Ч. П. Скотт, редактор
В сколько-нибудь широком смысле невозможно отделить либерализм от лейбористов. Их стремления и цели имеют один корень, одинаковую решимость любой ценой поставить благо общества превыше блага какого-либо класса – лейбористы как представители, безусловно, самого многочисленного класса могут иногда забывать об этом, но ненадолго… В настоящее время и те и другие находятся в состоянии неестественного антагонизма, будучи принуждены к этому вследствие ограничений устаревшей избирательной системы, абсолютно неприспособленной к потребностям сегодняшнего дня, однако, лишь только она будет реформирована и пропорциональное представительство даст нам истинное отражение настроений народа, правда неизбежно восторжествует… И пусть даже они [лейбористы и либералы] никогда не объединятся, они так или иначе обязаны всегда понимать и в самом главном поддерживать друг друга.

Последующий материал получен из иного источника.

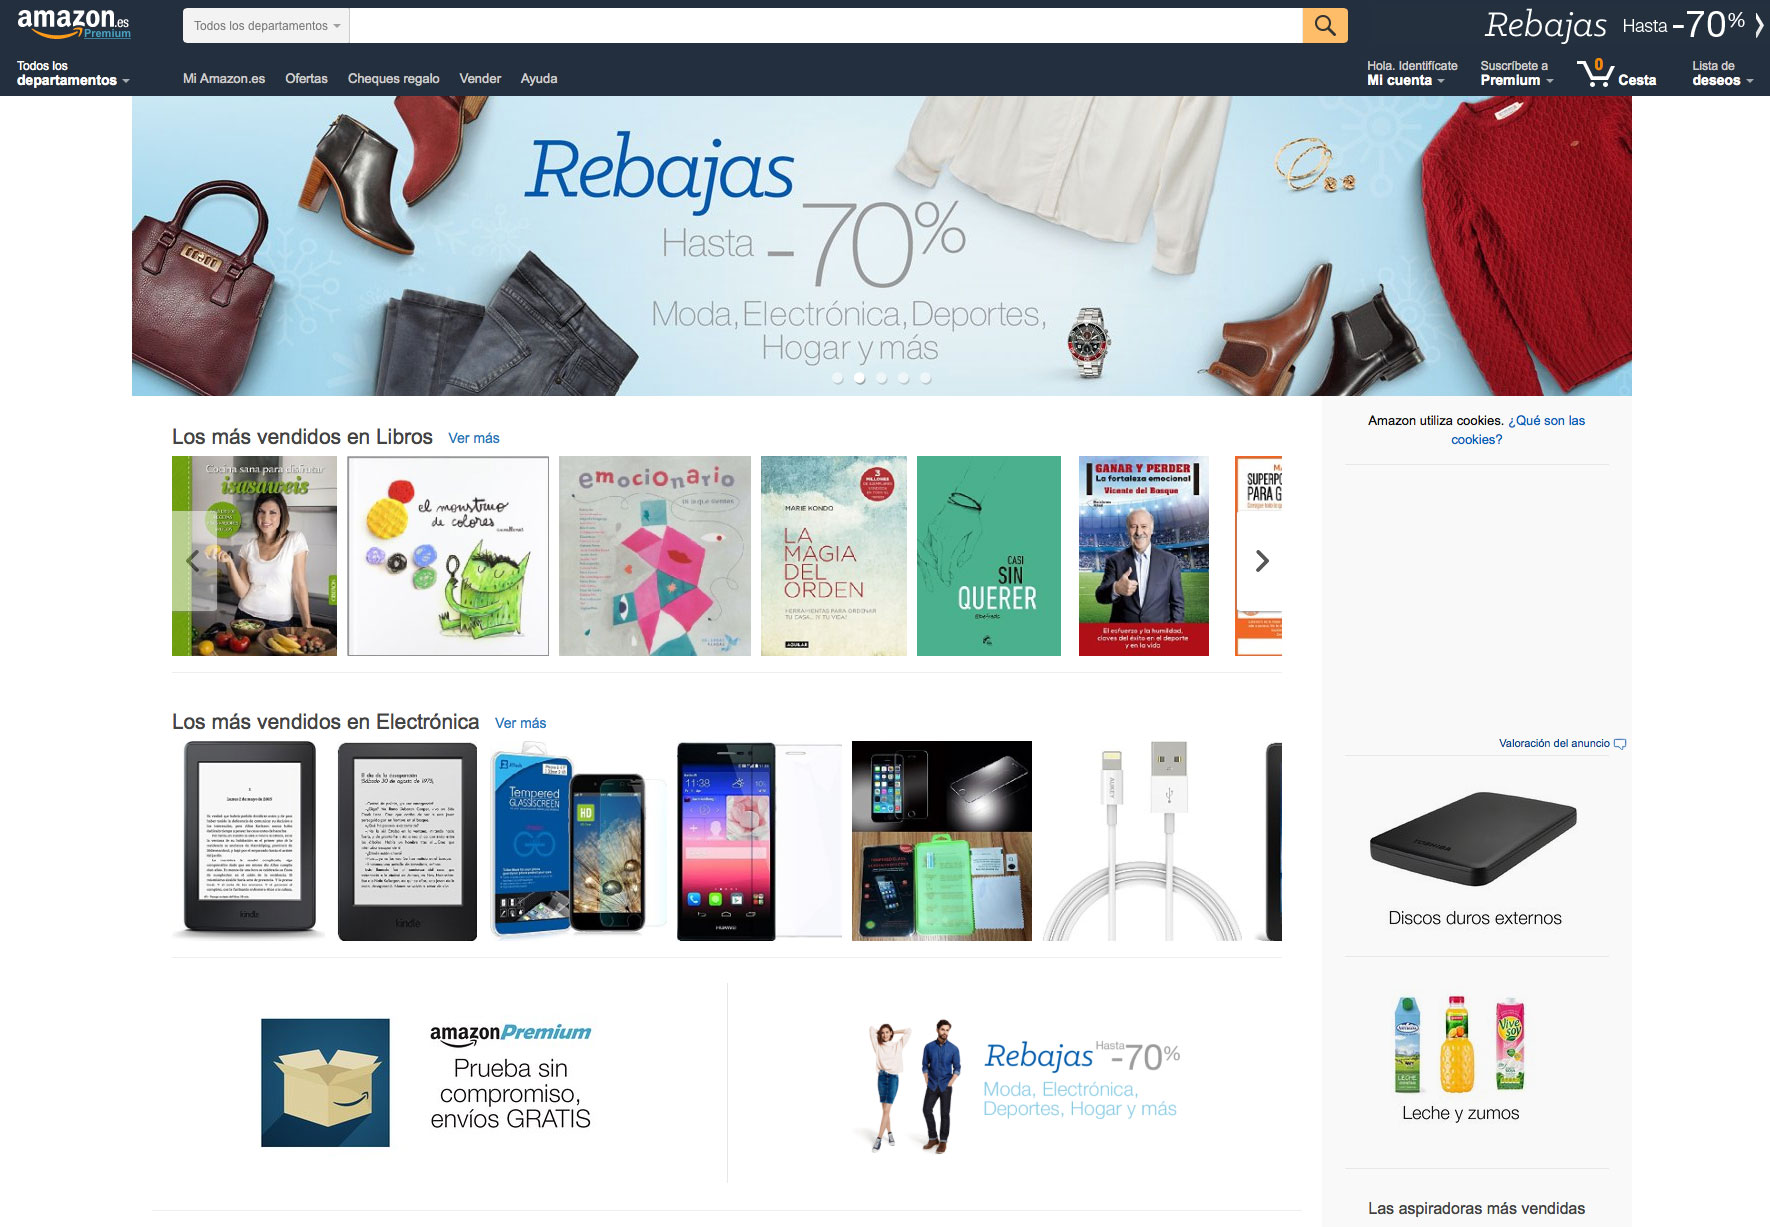 Landing pages de venda: Amazon

Ему было известно, что некоторые представители Либеральной партии носятся с идиотской идеей превратить ее в антисоциалистическую центристскую партию. Он был резко против подобного курса и предостерегал: «Либерализм, если он не конструктивный, является чем-то бесплодным и бессильным, и независимо от того, произойдет воссоединение или нет, его участь – отправиться на свалку». Сто лет спустя эхо идей Скотта по-прежнему звучит на страницах основанной им газеты, так как многие в парламентской Лейбористской партии, включая ее нынешнего лидера Кира Стармера, только и мечтают о том, чтобы сдвинуться к центру. Двое его предшественников – Тони Блэр и Гордон Браун – публично выражали свои политические симпатии к миссис Тэтчер. Лидер консерваторов и премьер-министр Дэвид Кэмерон никогда не скрывал своего восхищения Блэром. Одно порождало другое. Зная, что в наши дни означает выражение «прогрессивная политика», модель Скотта легко можно было бы расширить, включив в нее еще и часть Консервативной партии.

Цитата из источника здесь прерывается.